The data ->
§ §

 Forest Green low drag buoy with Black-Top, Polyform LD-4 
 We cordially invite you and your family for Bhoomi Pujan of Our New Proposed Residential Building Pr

§ §

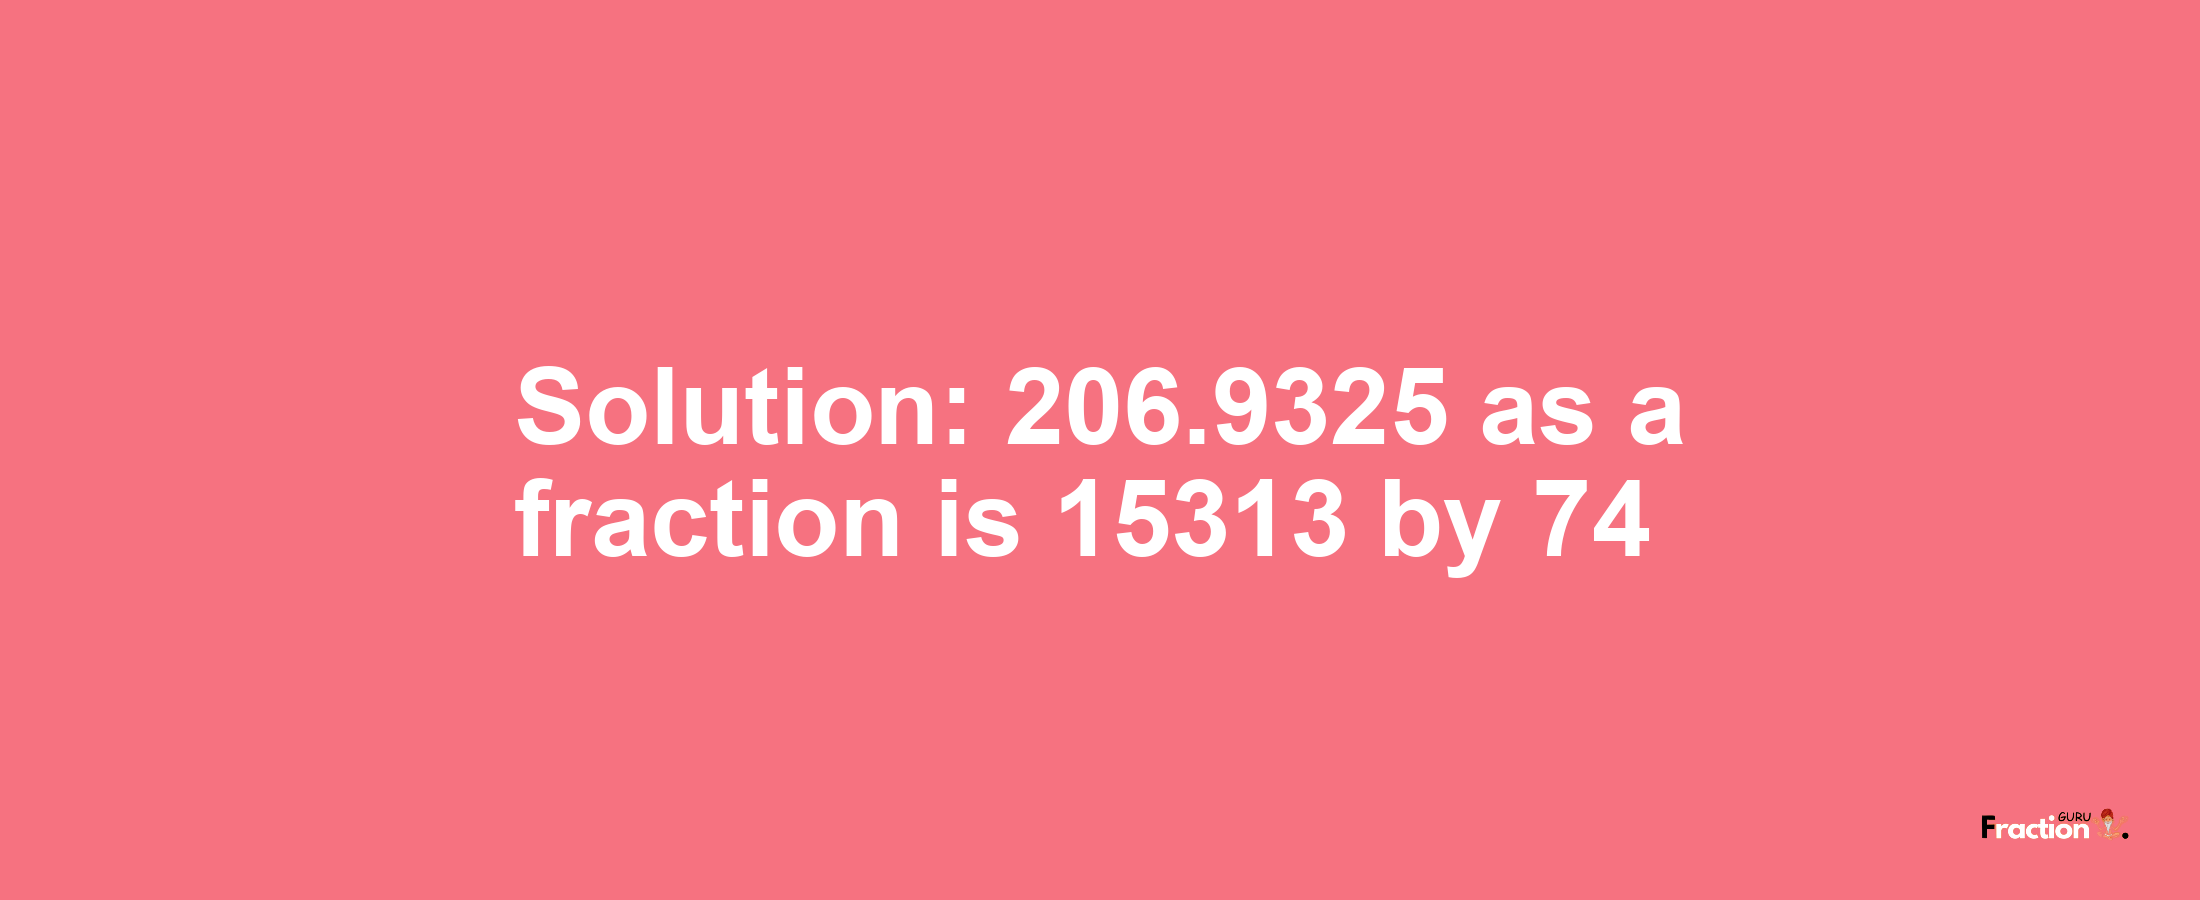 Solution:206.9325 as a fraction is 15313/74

§ §

Work order ->
In the entries above, find the line holding "Forest Green low" and the line holding "We cordially invite"; print both of them and every line between, exactly, and nothing else.

Output of the task ->
 Forest Green low drag buoy with Black-Top, Polyform LD-4 
 We cordially invite you and your family for Bhoomi Pujan of Our New Proposed Residential Building Pr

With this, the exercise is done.